My mini break down happened because of one of the character's Rose who was the spinister who never married. I identified heavily with her character who was hard and strong, and hated men (but you saw wanted love all the same). If I am to become twisted because of bitterness like the main character it will be in this way. My epiphany came because of the theme of the story which is basically about what happens when one person tries to create their own destiny no matter what the cost is. It reminded me of a the book East of Eden by John Steinbeck and seemed to resonate with me because of that. East of Eden is one of my favorite books. The epiphany I had was about the point of East of Eden being about free will, and the fact that we were given choices and that is what makes us human and great. (This epiphany was aided by the song Timshel by Mumford and sons and googling what the word meant). The dark side of the ability to make choices is that we can choose to make good ones or bad ones. In Thomas Sutpen's case, his bitterness and anger at an injustice that happened when he was a child twisted him to make really horrible ones. The book also is an interesting picture of the south at the time of the civil war. It follows a nations choices and shows some of their eventual results.
There is a lot of flowery passages in this book that border on poetry. Here are a few examples:
"beneath the branch shredded vist of flat black fiercely and heavily starred sky"
"masculine hipless tapering peg which fits light and glib to move where catridge-chambered hips of women hold them fast" ~A rather poetic sexual reference!
" He was a barracks filled with stubborn back-looking ghosts"
"Ellen died, the butterfly of a forgotten garden"
And one needlessly complicated statement that I can only catch glimpses of the full meaning:
"where through no fault nor willing of your own you must and will be, not through any fault or willing of our own who would not what we cannot, just as we will and wait for what must be"

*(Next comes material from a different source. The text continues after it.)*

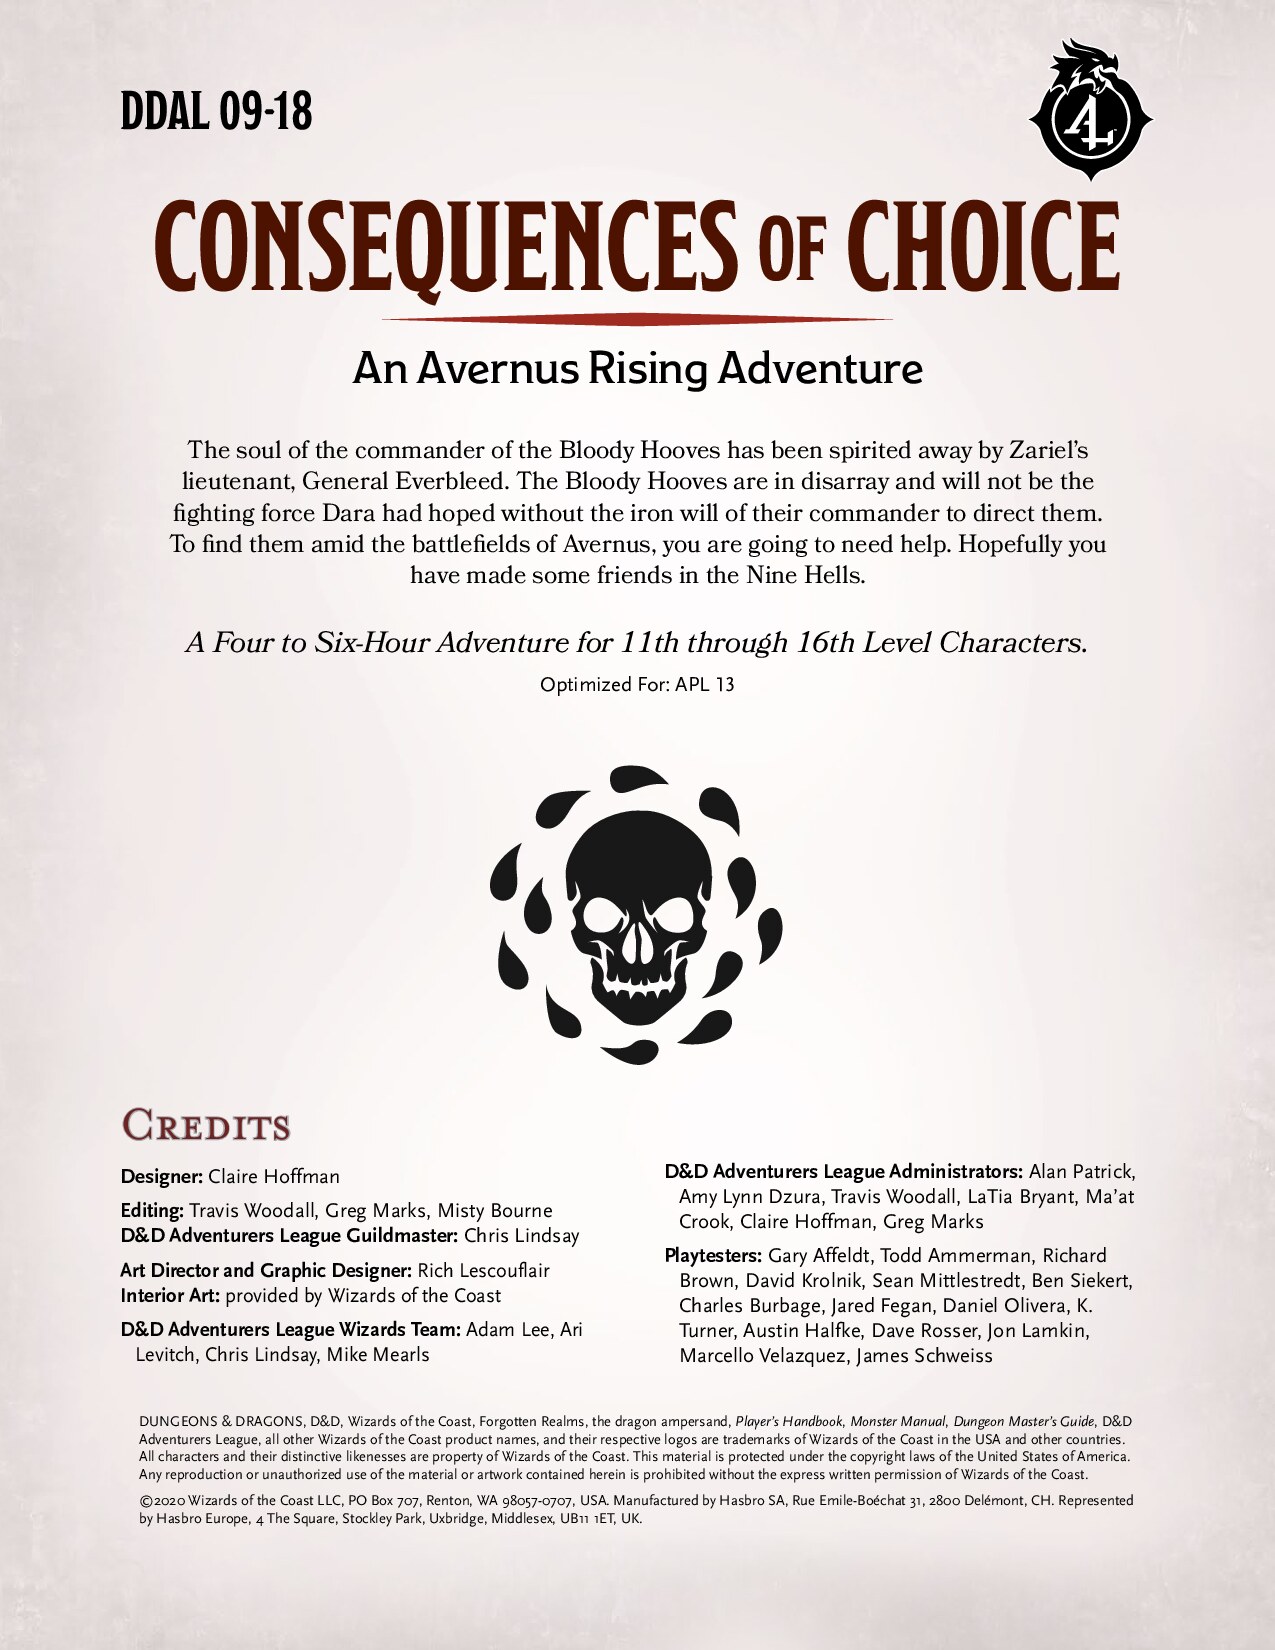 DDAL09-18 - Consequences of Choice

Here are a few quotes that point to the meaning of the story:
"something would have to be done about it, he would have to do something about it order to live with himself for the rest of his life" ~This quote talks about the original insult which leads Thomas Sutpen on the vengeful quest that destroys his family
"perhaps a man builds for his future in more ways than one, build not only towards the body which will be his tomorrow or next year, but towards actions and the subsequent irrevocable courses of resultant action"
~This quote talks about how some actions have irrevocable consequences that shape our futures
"It would be like God had got Jesus born and saw that He had the carpenter tools and never gave Him anything to build with them"
~This talks about the God given desire to create things around us with our hands, and also to bear children that will live after us. This quote particularly reminds me of East of Eden.
"Abraham would say 'Praise the Lord, I have raised about me sons to bear the burden of mine ininquities"
~This quote talks about Thomas Sutpens resolution to his dilemma from childhood. His belief was if he became like the person who snubbed him, but never turned someone away from him he would have won. Having his children and and a nice house to him, was a symbol that he had made it in the world.
All in all I loved this book, not so much for the actual layout of the story itself, but for what it ended up doing in me. I will cherish the epiphany I had through the telling of the story, even though I actually hated the process (and found the book difficult to read)!